FIG. 5 depicts an example process 500 that can be executed in accordance with implementations of the present disclosure. In some examples, the example process 500 is provided using one or more computer-executable programs executed by one or more computing devices. In some examples, the example process 500 is performed to selectively load data to low-latency memory based on predicted workload. In the example of FIG. 5, the example process can include a training phase and an inference phase. During the training phase, ML models are trained as described herein. During the inference phase, one or more of the ML models is used to predict workloads and selectively load data (e.g., column data) to low-latency memory for production use.
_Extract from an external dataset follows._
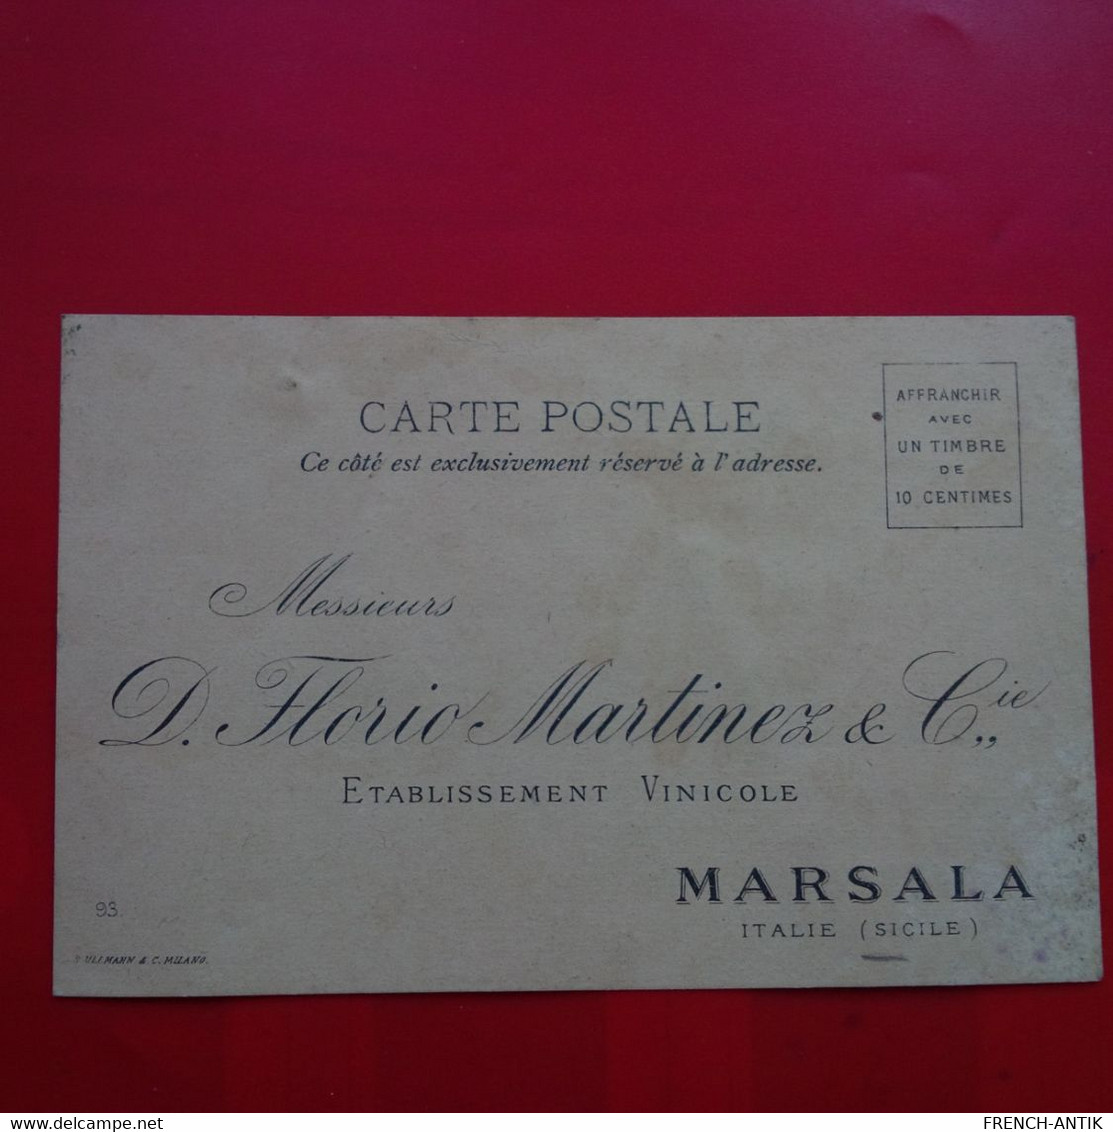 MARSALA SICILE ETABLISSEMENT VINICOLE FLORIO MARTINEZ 1893 - Marsala

A workload period is selected (502). For example, and as described herein, a workload period can be selected for predicting a workload applied to a database system. An example workload period can include a day (e.g., a weekday, a weekend day). As discussed herein with reference to FIG. 2, the workload period 220 can be provided to the workload processing module 202. A workload is collected (504). For example, and as described herein, the workload processing module 202 retrieves historical data from the workload store 210 for the workload period 220. The historical data is representative of one or more executions of the workload over the workload period 220. In some examples, the historical data includes a set of queries that have been executed on the database system during the workload period 220.

The workload is standardized and clustered (506). For example, and as described herein, the workload processing module 202 generates a set of query templates. For example, for each query in the set of queries, the workload processing module 202 provides a query template by replacing any constants with a value placeholder (e.g., the $ character). In some examples, and without limitation, constants include values in WHERE clause predicates, SET fields in UPDATE statements, and VALUES fields in INSERT statements. A set of aggregate query templates is provided from the set of query templates. In some examples, an aggregate query template is provided by aggregating one or more query templates into a single aggregate query template. For each aggregate query template in the set of aggregate query templates, an ARC is determined. The workload processing module 202 processes the set of ARCs to generate a set of cARCs. For example, one or more ARCs in the set of ARCs can be clustered (grouped) and a cARC is generated for the cluster. For example, a cARC is provided by averaging the arrival rates of all ARCs included in the cluster.

Workload ML models are trained (508). For example, and as described herein, the ML model training module 204 trains a set of ML models based on the set of cARCs. In some examples, the ML training module 204 trains a ML model for each cARC in the set of cARCs. A sub-set of ML models is determined from the set of ML models. In some examples, the sub-set of ML models is determined to represent a threshold percentage (e.g., 90%) of queries expected to be executed in a future workload period, for which the set of ML models are provided (e.g., the workload period 220).

A timeslice length is selected (510). For example, and as described herein, the timeslice length can represent a sup-period of time within a workload period for predicting workload using one or more ML models. By way of non-limiting example, the workload period can be 24 hours and the timeslice can be 1 hour (e.g., 24 timeslices within the workload period). A counter i is set equal to 1 (512). In some examples, the counter i is used to track the timeslices data has been predicted for. A workload of timeslice i is predicted (514). For example, and as described herein, each ML model in a sub-set of ML models determined for the workload period is used to provide a respective predicted cARC for timeslice i. Using the predicted cARC of the PTS, a frequency for each column in each table is determined. For example, reverse mapping is applied to the each predicted cARC to provide a column visiting frequency (f_C^T), a column visiting time (VT_C^T), and a total column number (TCN).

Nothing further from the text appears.